On Friday, I submitted these photos to the Teenage Bedroom tumblr site. Forty-seven people liked it or reblogged it! Of course, I feel a little validated, everyone wants their 15 nanoseconds of fame on the web, duuuuuh. And to some degree (I'm just being honest about my feelings), it feels more validating to be validated for a mess I made in high school by people obsessed with teenagers in the 90s (THERE IS A WHOLE WORLD OF THEM OUT THERE! It kinda blows my mind/amazes/fascinates me) than it does to be validated by real adults for my clutter clearing. Or not so much validating as cool. I am situated culturally/subculturally between those two groups. & I really really don't intend this to be an insult to anyone, I'm just really interested in the weird feelings I have about this particular situation!

On being an adult.
It may be cool to make a mess, but I would rather be an adult. I identify as an adult, I'm proud to be an adult and take care of myself and my home in an adult manner. I know a lot of people in my approximate age group do not, whether they are incapable of doing so, or choose not to. Of course, I am sometimes a little envious of that, people who are still out running around and going to late shows on weeknights and stuff like that. But I wouldn't trade it for getting up early and having the feeling that the world is mine. I wouldn't trade eating grease at restaurants for eating fucking amazing home cooked meals, and I wouldn't trade, oh, basically anything for the commitment I've made to DOING THE DISHES AND CLEANING THE KITCHEN every night before bed. Pretty much nothing feels better than waking up to a clean kitchen, and I'm speaking from my heart, man. Seriously.

On being a packrat.
There was no such thing as a clean kitchen when I was a kid. The kitchen sponge always smelled like ass from being left floating in a pot of food overnight, or over more than one night. I despised doing dishes, because it was so disgusting, because the dishes sat for way too long! I remember poking food bits down the drain with a knife because I was too grossed out to pick them out and throw them away.

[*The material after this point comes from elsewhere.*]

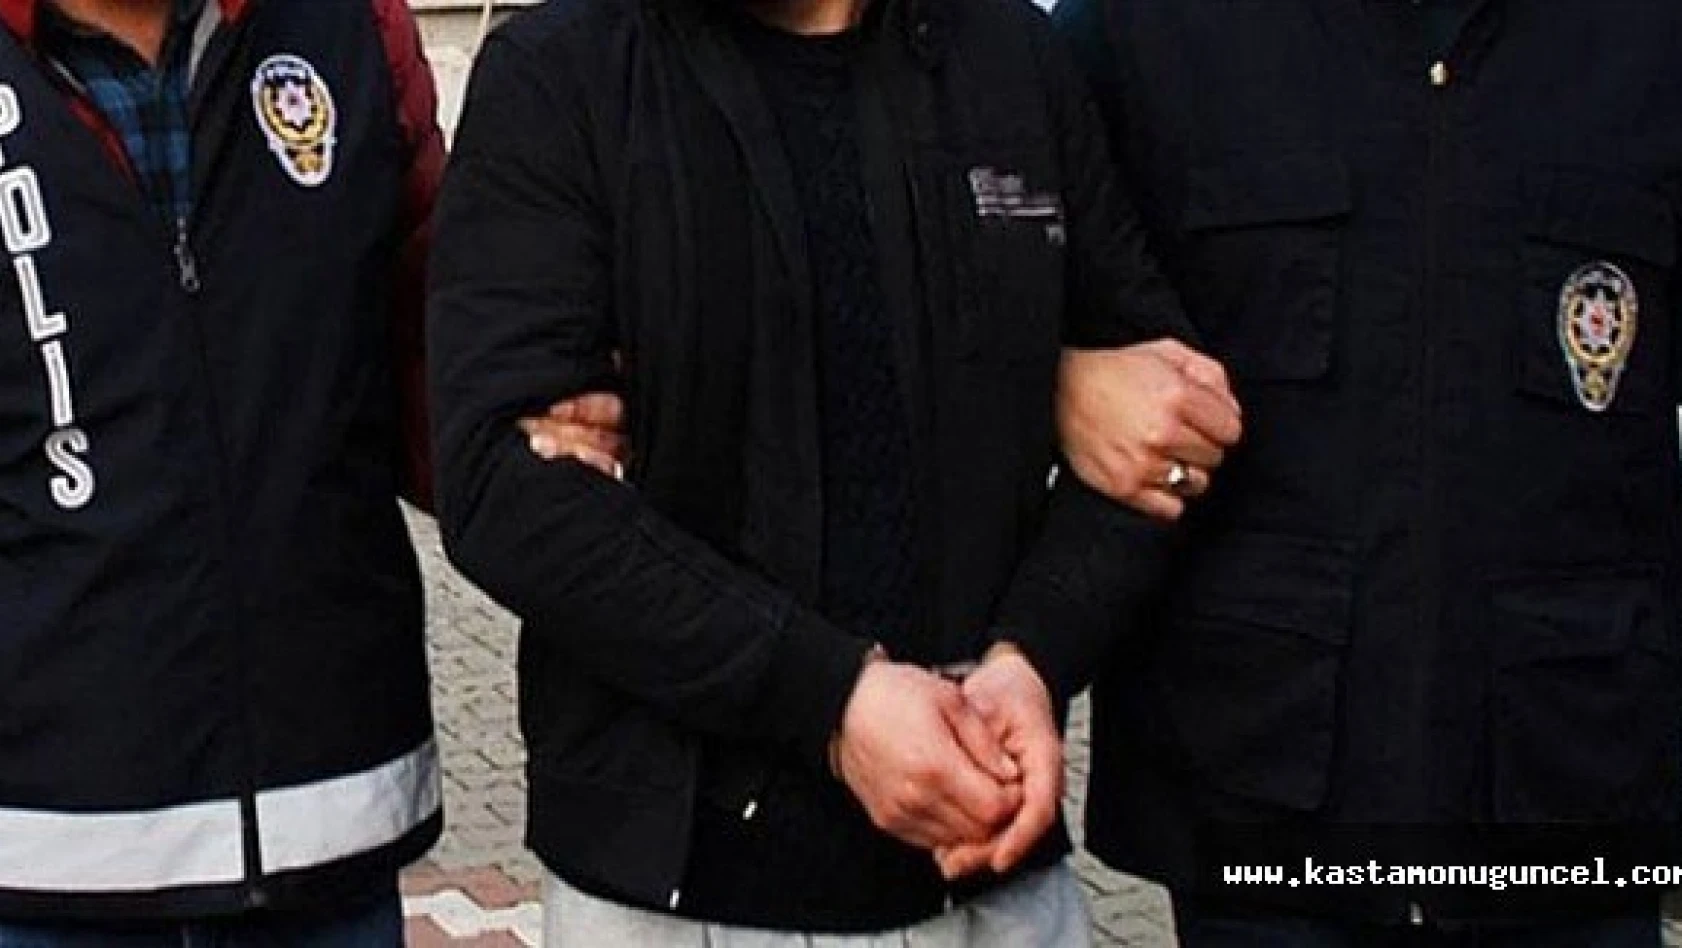 Kastamonu'da 'ByLock' kullanan öğretmen tutuklandı

I grew up in a family of packrats, and as a young person I never learned how to clean and I definitely never learned how to declutter. I remember making Barbie houses and leaving them up for weeks in the livingroom. I remember my mom trying to make me clean my room, when I was in kindergarten, and getting distracted playing with something I found, and her getting soooooooo mad and yelling at me. I remember screaming when I found a spider in a pile of clothes left on the floor. I remember being a little older and going on whirlwind cleaning sprees in the house and getting so mad at everyone in my family for leaving their junk everywhere, and my mom saying that I should just never clean the house if it was going to make me so mean. I remember my mom carting home a large, clear plastic display case from a garbage pile for me to display all my knick-knacks in. I remember my folks bringing musty beanbag chairs back from the dump. I remember my dad constantly yelling at my mom about CLUTTER, especially when they owned a business together, and the front office, which was totally visible from the customer entrance, was a disaster.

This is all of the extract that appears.